Generally, you can reduce average treatment costs by reducing staff, at the cost of increasing patient wait time. But, the average cost of patient treatment increases with very long wait times. If you don't know what those limits are, and aren't providing staffing levels sufficient to keep below them, then the institution will blindly wander into the counter-productive zone.

An example from Dr. Brawley: A breast-cancer case caught early in stage-1 may be treated for $30,000 with very good patient outcomes. Each year the person has to wait for treatment, the cost of treatment increases and their outcomes reduce. Brawley tells the story of  woman who waited for 7-8 years until her breast cancer had become stage-5. The treating oncologist estimated a treatment cost of $150,000 at this time and survival of only 12-24 months...

At every level it was more expensive for her treatment to have been delayed, yet "the system" had no ability to properly measure and model these costs, nor to even notice that it had been 'efficient' by not 'effective' when she did finally consume a massive lump of funding.

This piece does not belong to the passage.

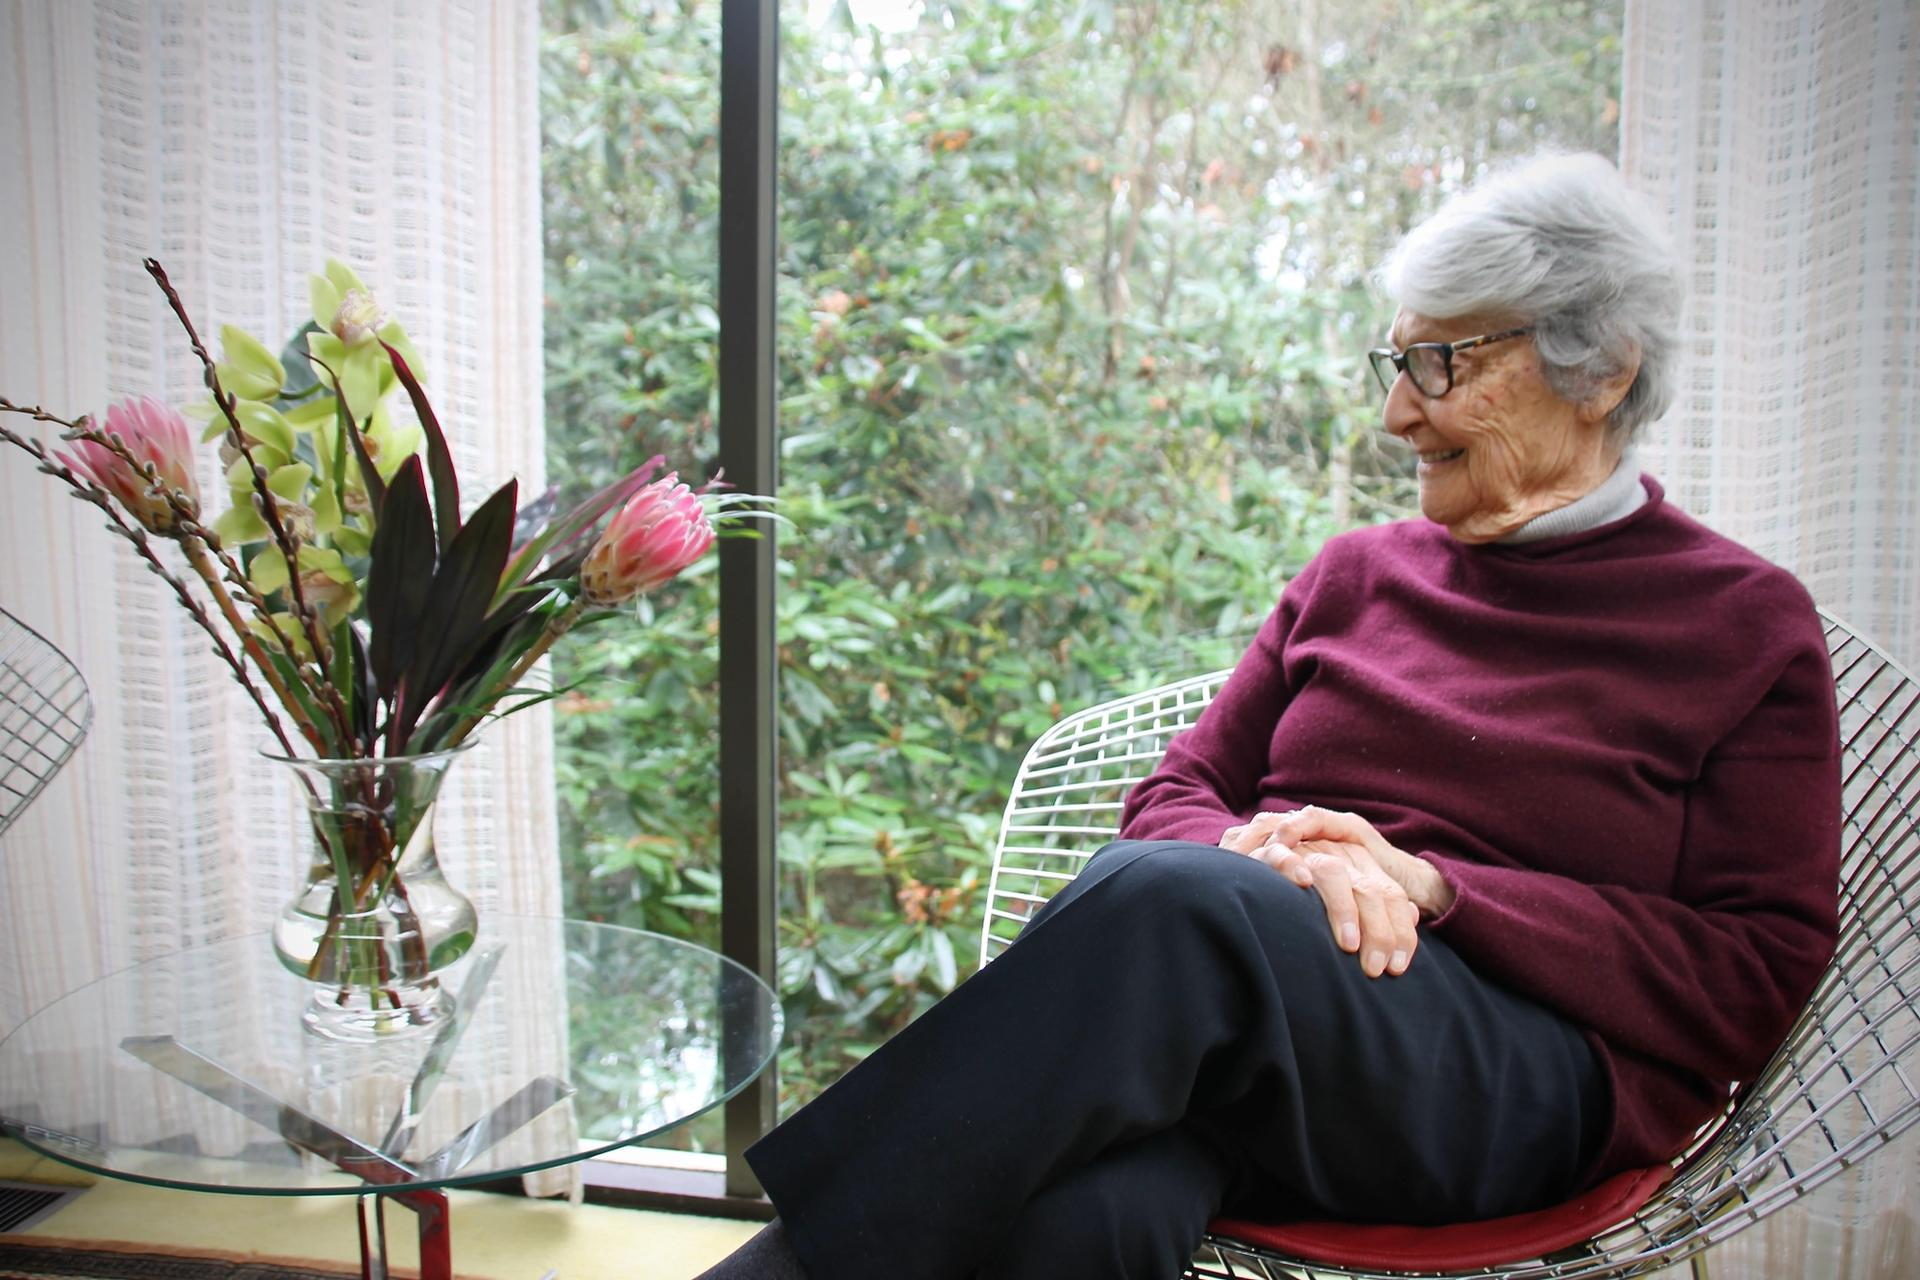 Cornelia Hahn Oberlander at her home in Vancouver in 2018 Photo: Hadani Ditmars

Because these events go unnoticed and unreported, total System Costs are much higher than they need be.
But without measuring them, who's going to believe it?
And if you don't believe it, why would you measure?

Teams and Departments can suffer similar system breakdowns in their culture, as described in this: the "Blame Spiral".
The crucial point is that the "Do it Right, First Time" Quality Improvement methodology, because it is based in real measurement and relevant reporting, catches these issues early and prevents minor culture issues from descending into massive dysfunction.